JavaScript programs launched from your Web browser's favorite bookmarks can achieve amazing special effects. You can enlarge fonts, change colors, and even reveal hidden form field values. These "bookmarklets" can be as long as 2000 characters in some browsers (IE5), yet barely 500 in others (IE6). The most impressive bookmarklets dynamically build their own HTML, CSS and JavaScript right in your browser. I used to lament that HTML is so bulky... Until I finally did something about it!

I wrote a JavaScript library that enables you to render large HTML and CSS constructs using extremely tight JavaScript code. Although there are literally hundreds of supporting functions jammed into this compact library (which weighs in at under 5K when www.brainjar.com's "crunchinator" removes the comments and white space), all are named after the HTML tags, attributes and cascading style sheet (CSS) properties you already know. Truly, there are only six categories to learn:

  1. Conveniences (write, status, alert...)
  2. Containers (DIV, SPAN...) that enclose content
  3. Tags (IMG, INPUT...) that are "empty"
  4. Attributes (NAME, TYPE...)
  5. Properties (color, font...) inline or embedded styles
  6. Entities (nbsp, quot...)

The HTML generators (#2-4) return xml-ready code for you with lowercase tag/attribute names and quoted literals. The examples cited above use their corresponding JavaScript names.
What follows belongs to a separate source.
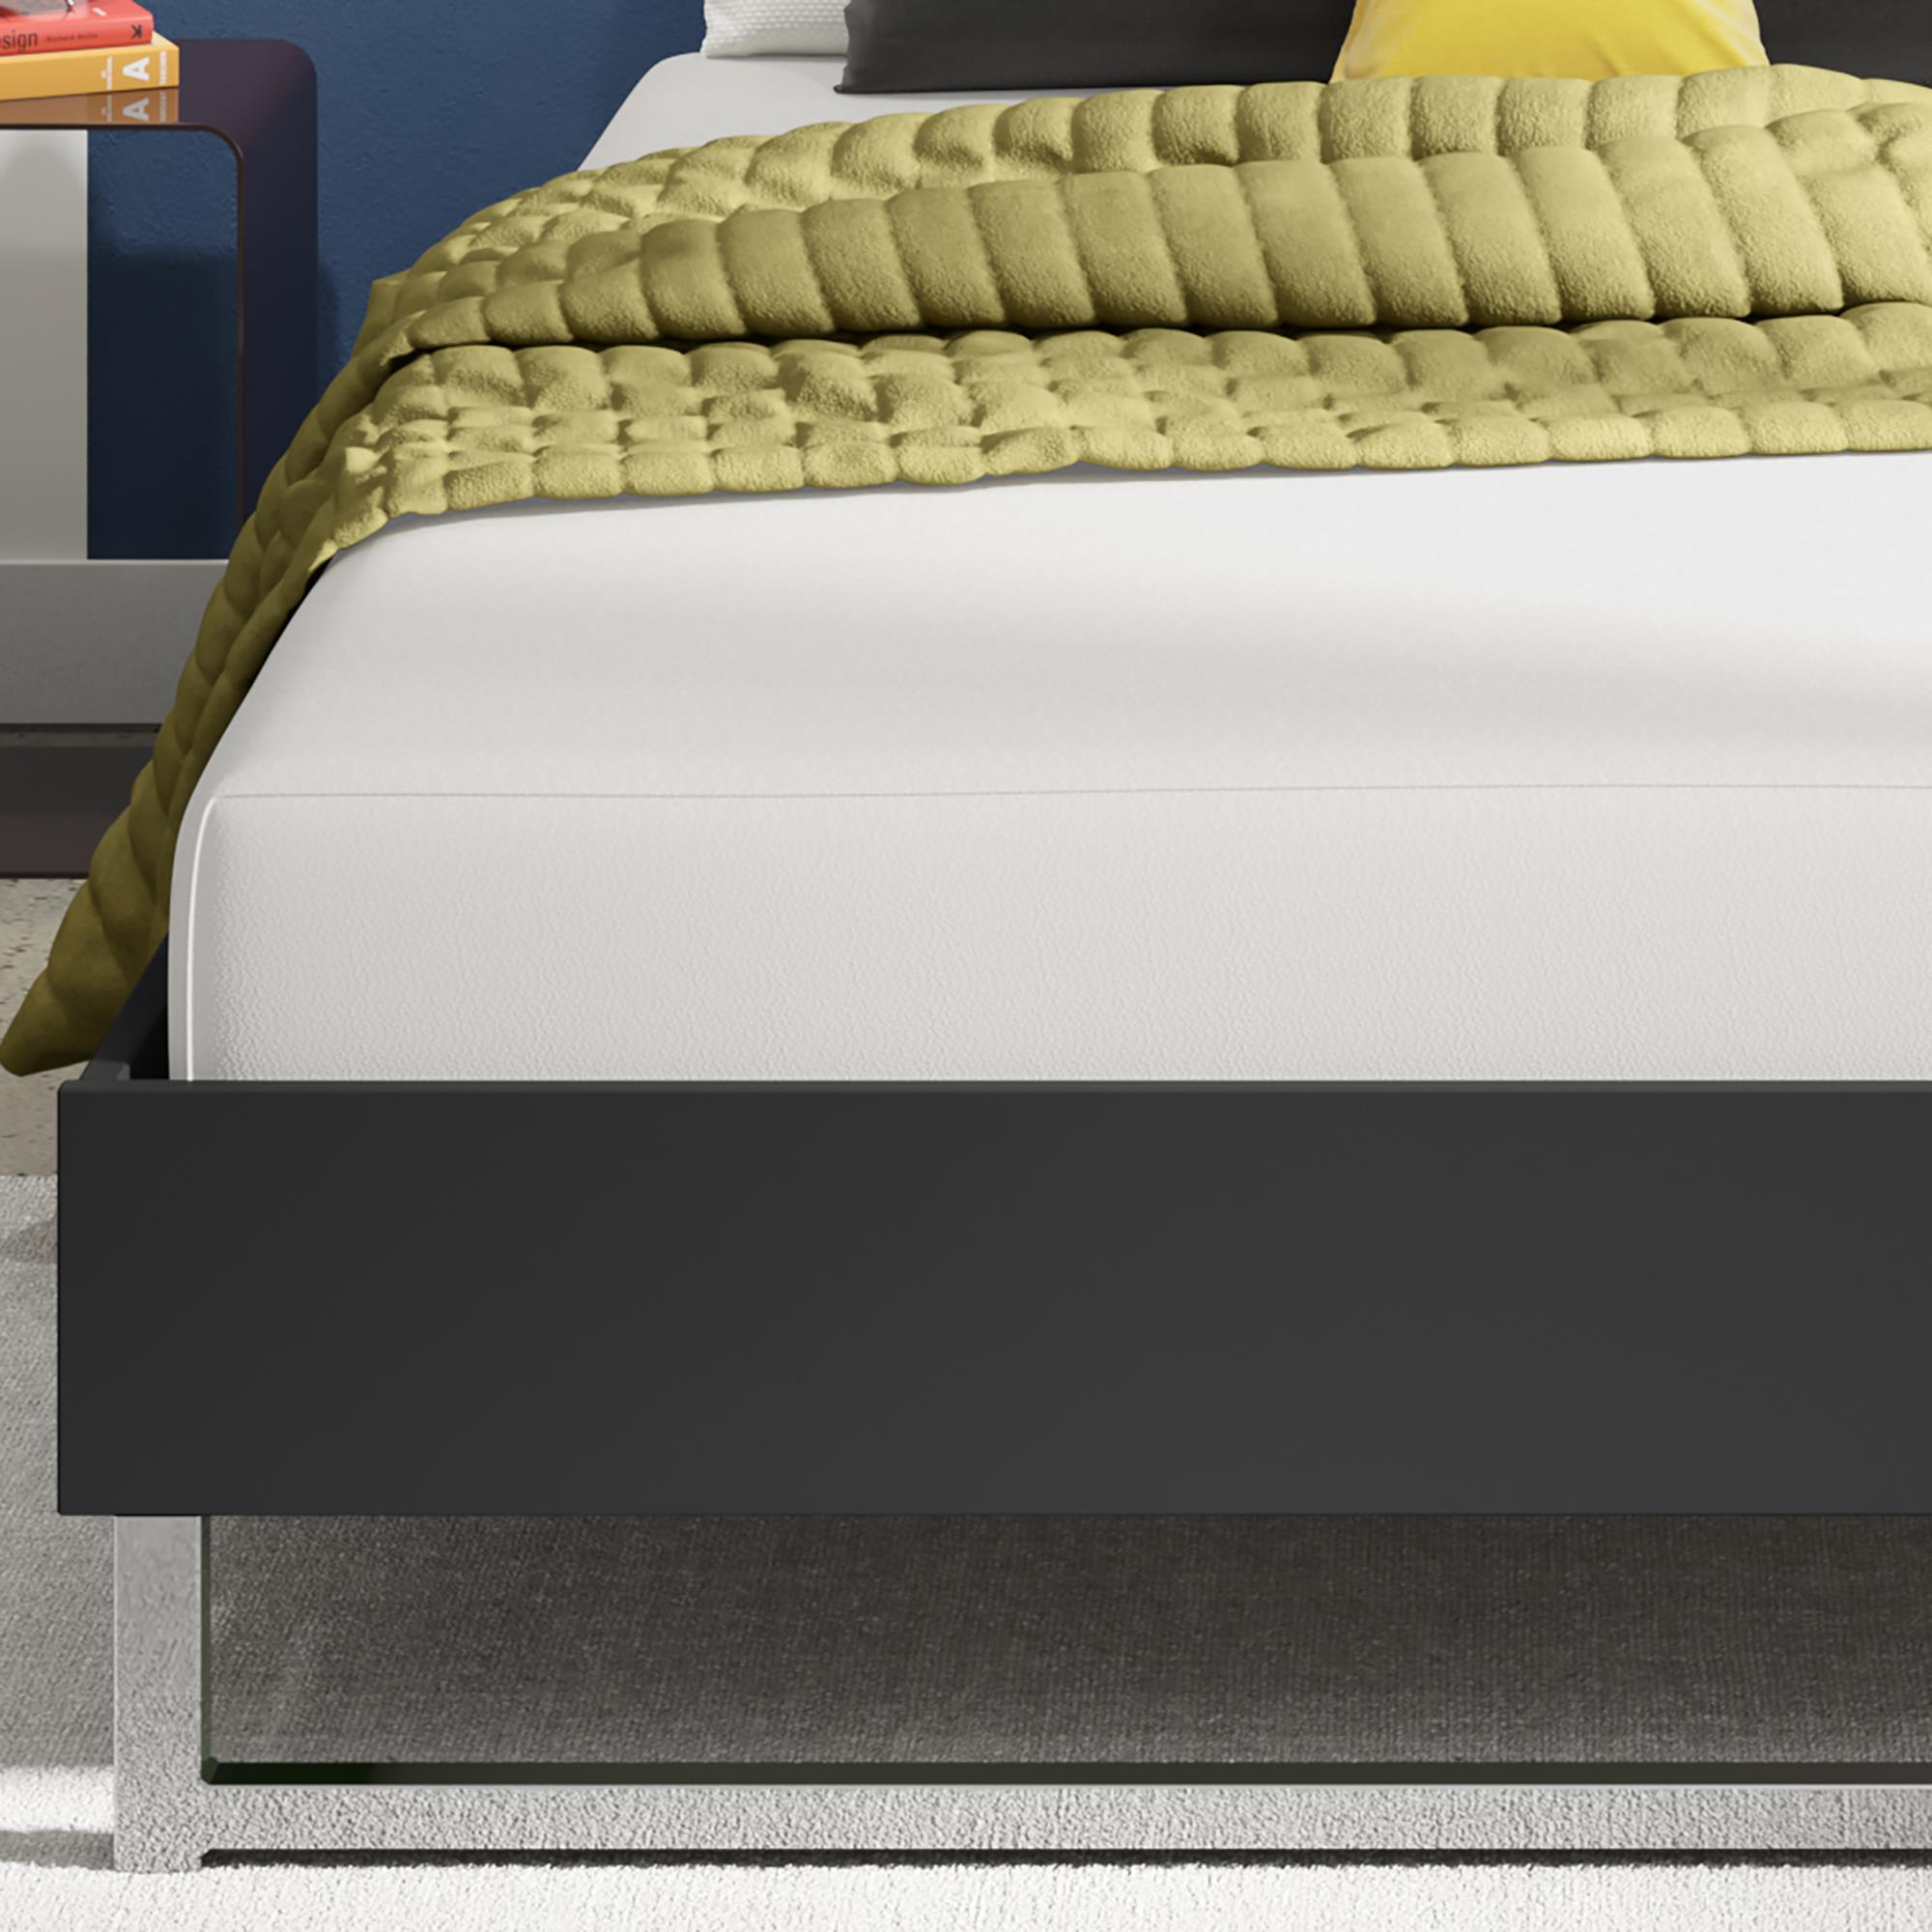 Signature Sleep Memoir 8 inch Memory Foam Mattress, Multiple Sizes
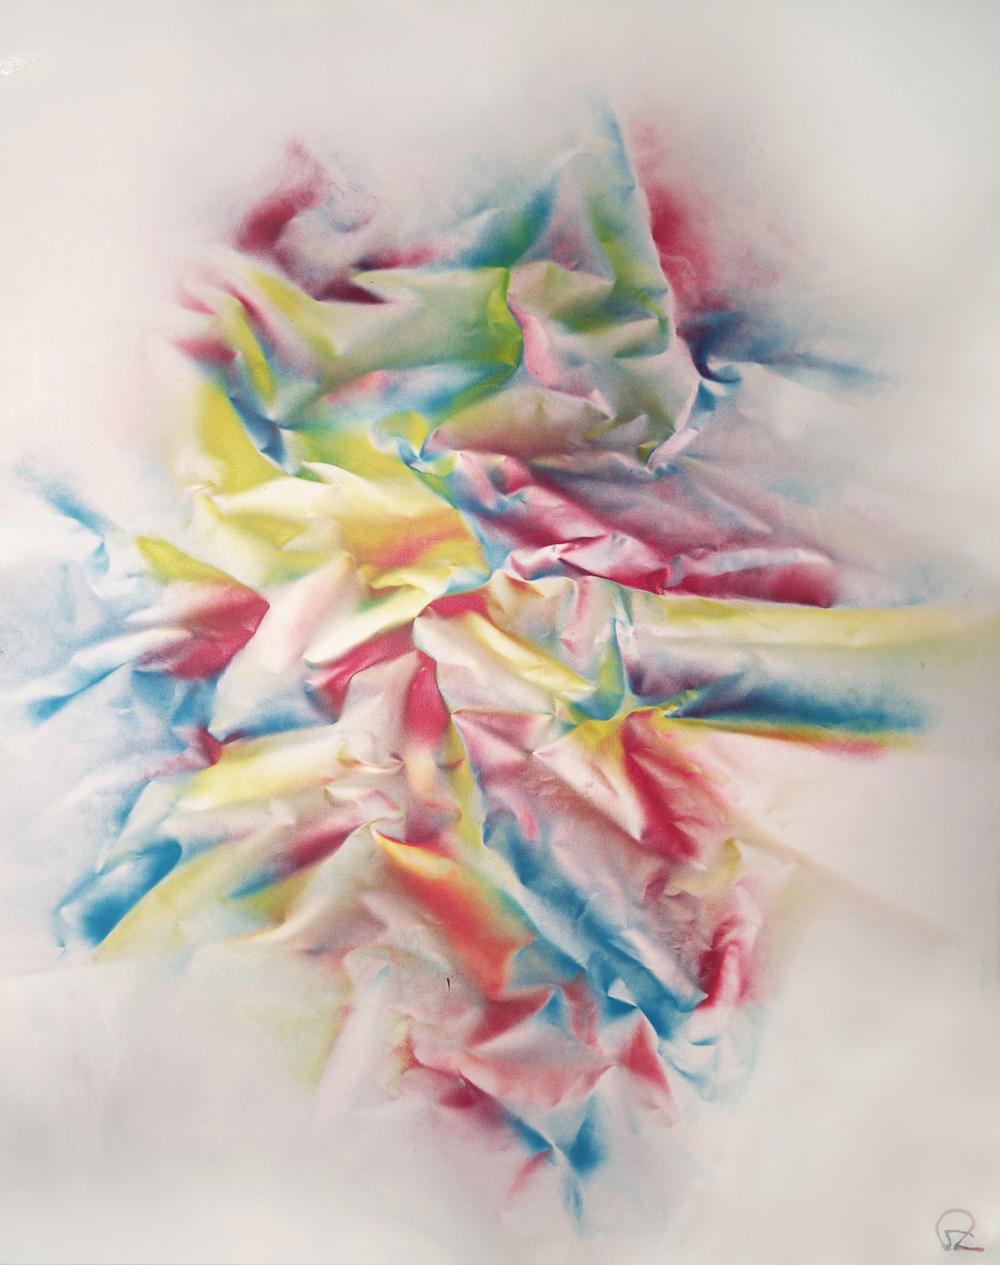 """Morphic Fields"" - Aerosol on canvas - 130cm x 104cm"

Containers (#2) are called on strings just like JavaScript's built-in bold function. Tags (#3) and attributes (#4) are implicitly called on the window object, and thus need no dot notation at all.

HREF('http://www.yahoo.com')
yields:
href="http://www.yahoo.com"

TITLE('Yahoo!')
yields:
title="Yahoo!"

The leading space is not a typo. It just anticipates concatenation with other attributes for easy inclusion into tags and containers (#3-4).

'Yahoo!'.A(HREF('http://www.yahoo.com')+TITLE('Yahoo!'))  
yields:
<a href="http://www.yahoo.com" title="Yahoo!">Yahoo!</a>

At this point, you might be thinking, "The JavaScript code is exactly the same size as the intended HTML!" I'll get to that, but first...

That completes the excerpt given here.